Regulation of Store-Operated Ca2+ Entry by SARAF

Abstract

Calcium (Ca²⁺) signaling plays a dichotomous role in cellular biology, controlling cell survival and proliferation on the one hand and cellular toxicity and cell death on the other. Store-operated Ca²⁺ entry (SOCE) by CRAC channels represents a major pathway for Ca²⁺ entry in non-excitable cells. The CRAC channel has two key components, the endoplasmic reticulum Ca²⁺ sensor stromal interaction molecule (STIM) and the plasma-membrane Ca²⁺ channel Orai. Physical coupling between STIM and Orai opens the CRAC channel and the resulting Ca²⁺ flux is regulated by a negative feedback mechanism of slow Ca²⁺ dependent inactivation (SCDI). The identification of the SOCE-associated regulatory factor (SARAF) and investigations of its role in SCDI have led to new functional and molecular insights into how SOCE is controlled. In this review, we provide an overview of the functional and molecular mechanisms underlying SCDI and discuss how the interaction between SARAF, STIM1, and Orai1 shapes Ca²⁺ signaling in cells.

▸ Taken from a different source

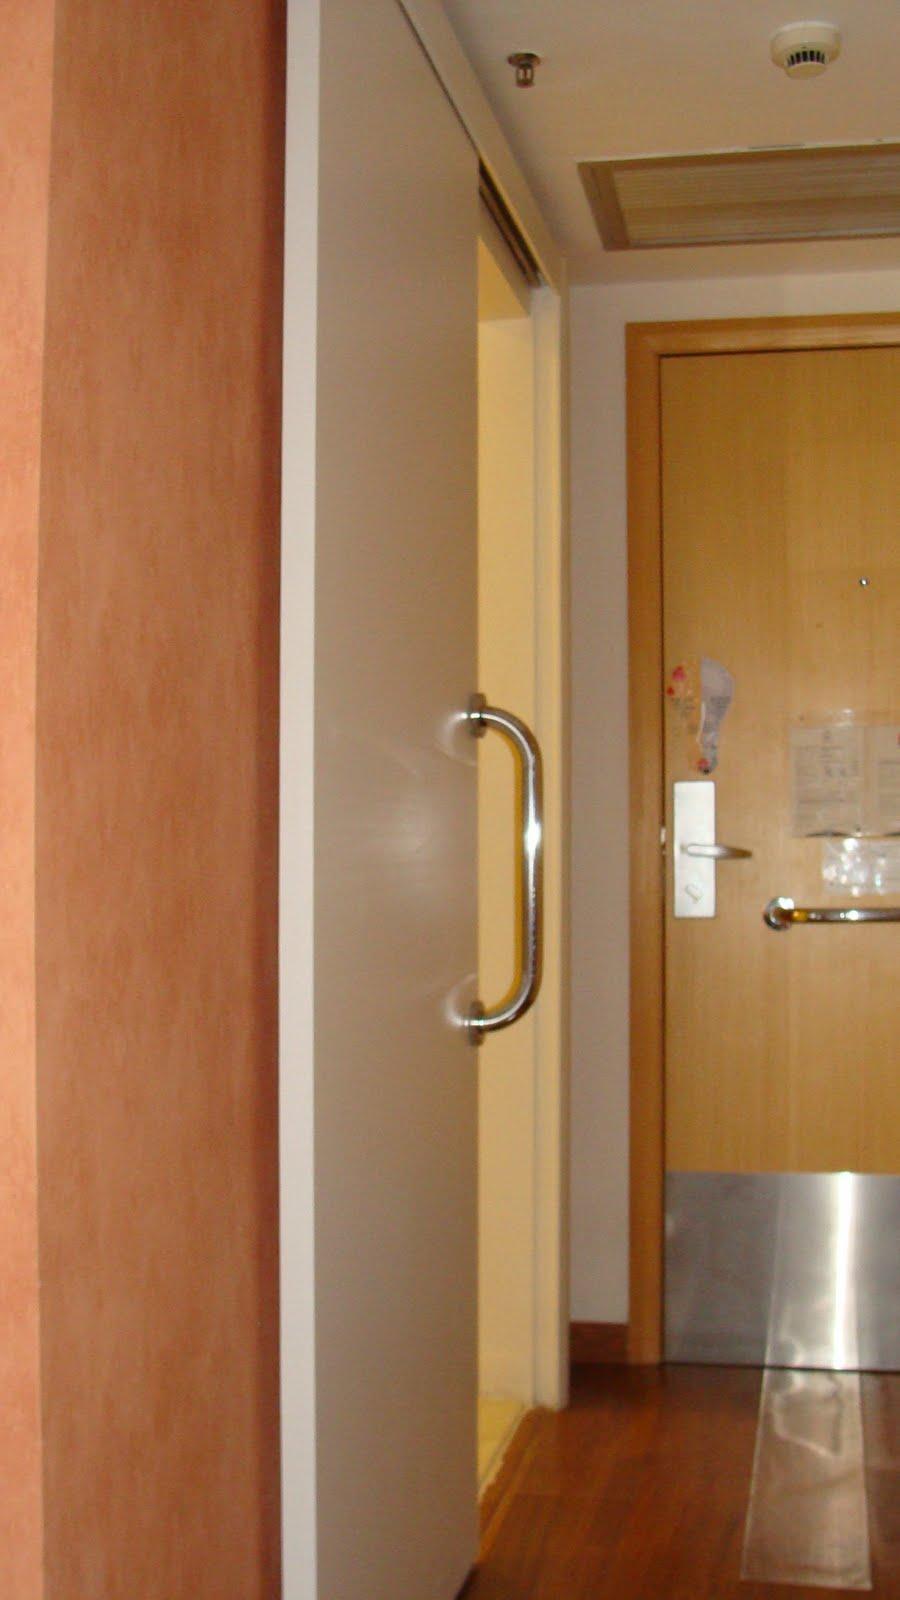 Porta De Correr De Vidro No Quarto ~ porta de correr do quarto para o banheiro o que acho ?timo al?m de

Keywords: CRAC channel; Orai1; SARAF; STIM1; slow calcium dependent inactivation (CDI); store operated calcium entry (SOCE).

Figure 1

Interaction between the CRAC channel and SARAF during channel activation. Rectangle and oval symbols indicate the different domains of STIM1. At resting conditions, a fraction of SARAF (green) interacts with STIM1. Following ER Ca²⁺ depletion (step #1), SARAF undergoes a transient disassociation from STIM1 but the interaction is quickly regained (step #2) and further augmented (step #3) following binding of STIM1 to Orai1.

Figure 2

Models for SCDI by SARAF. Rectangle and oval symbols indicate the different domains of STIM1 as in Figure 1. (A) Ca²⁺-dependent interaction between ALG-2 (yellow) and SARAF (green) promotes channel inactivation via stabilization of SARAF dimers. (B) EFHB (brown) binds to the STIM1-Orai1 channel complex. Increase in Ca²⁺ causes disassociation of EFHB from STIM1. Subsequent binding of SARAF to STIM1 promotes channel inactivation. (C) Binding of Ca²⁺ to the STIM1 ID induces persistent channel inactivation when SARAF interacts with STIM1. (D) Binding of SARAF to STIM1 facilitates translocation of the channel complex from PM microdomains poor with PtdIns(4,5)P2 (off-white) to domains enriched with PtdIns(4,5)P2 (cyan). Local increase in Ca²⁺ promotes channel inactivation by remodeling the interaction of STIM1 with the PM.

Figure 3

Structure and putative redox-dependent rearrangement of the SARAF luminal fold. (A) Structure of the SARAF domain-swapped dimer (PDB ID: 6O2U). Chains A and B are shown in green and grey, respectively, and the 9th and 10th β-strands from chain A are also labeled. (B) Magnification of the structure of b1 to b8 from chain A with cysteine residues forming disulfide bonds highlighted in red. (C) Cartoon representation of the SARAF luminal fold showing putative dimer to monomer reversible transitions mediated by oxidation-reduction of cysteine pairs indicated in (B). S–S denotes disulfide bonds.